Было почти шесть вечера. Он сидел за этим длинным столом с восьми утра. Предыдущие встречи с Кортом были ужасны, но эта не шла с ними ни в какое сравнение. Корт начал с сообщения, что Ник Хикс наконец подписал контракт и будет играть главную роль – Гилберта Маркхэма. Ника Хикса Колин ненавидел больше всех людей на свете. Он с отвращением вспоминал последнюю встречу с ним в театральном баре и с ужасом думал, что ему придется провести почти год съемок в теснейшей близости с этим человеком. Ник Хикс обладал безграничным самомнением и непрерывно рассуждал об искусстве.
Не успел он оправиться от этого первого удара, нанесенного Кортом с дьявольской усмешкой, как Талия Наг объявила, что звонит Ник Хикс, он вылетает в Нью-Йорк и просит передать Колину Ласселу, что они очень скоро увидятся. Колин решил, что если в мире есть справедливость, то в этот день ничего худшего произойти уже не может. Оказалось, что он ошибся. Теперь он чувствовал себя совершенно вымотанным, опустошенным, ничтожным и страстно мечтал о сигарете.

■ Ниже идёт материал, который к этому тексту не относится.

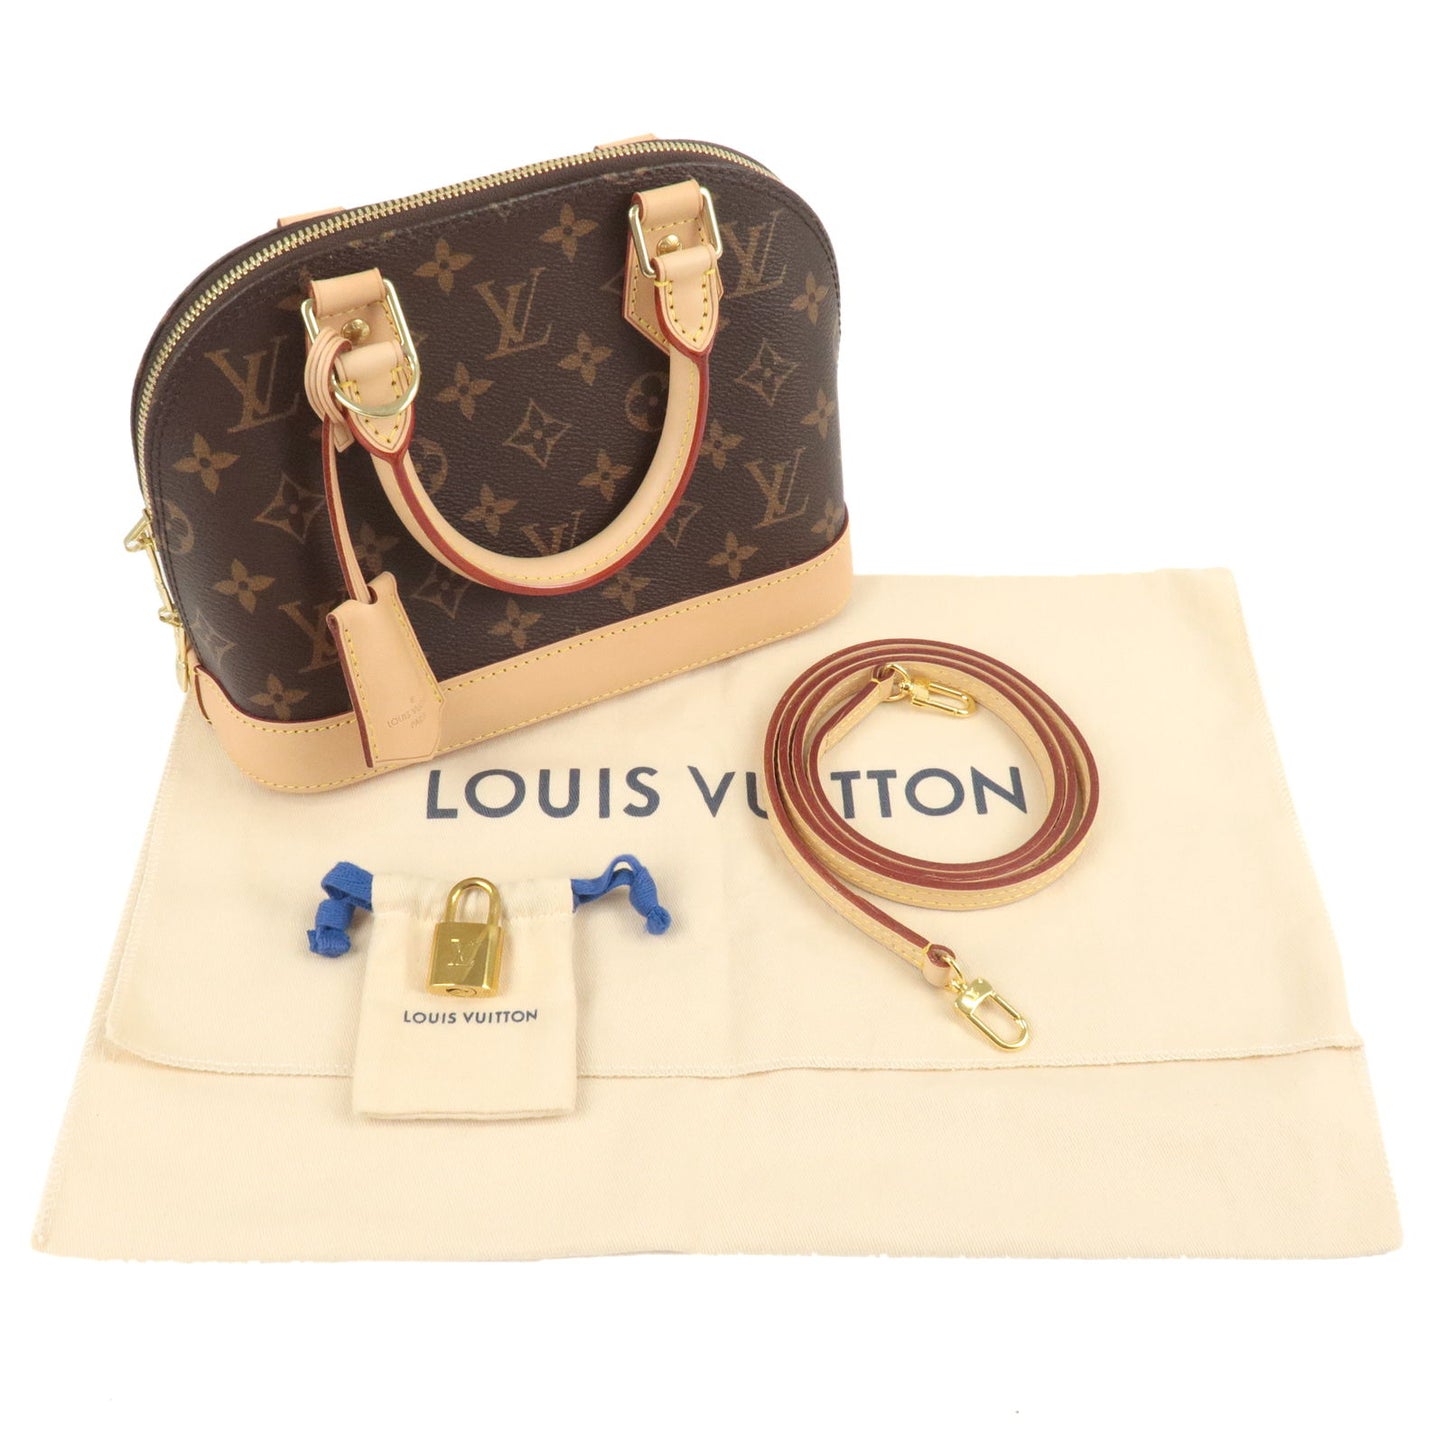 Shop Louis Vuitton ALMA 2020 SS Alma Bb (M53152) by LILY-ROSEMELODY

Где-то на столе, заставленном ингаляторами, без которых Корт не мог обойтись, погребенный под грудой цветных карточек с какими-то пометками, исковерканный до неузнаваемости, лежал безупречно продуманный план натурных съемок, который он с гордостью привез из Англии. И там же лежал черновой график съемок, составленный им в первые дни пребывания в Нью-Йорке, когда он еще не утратил оптимизма.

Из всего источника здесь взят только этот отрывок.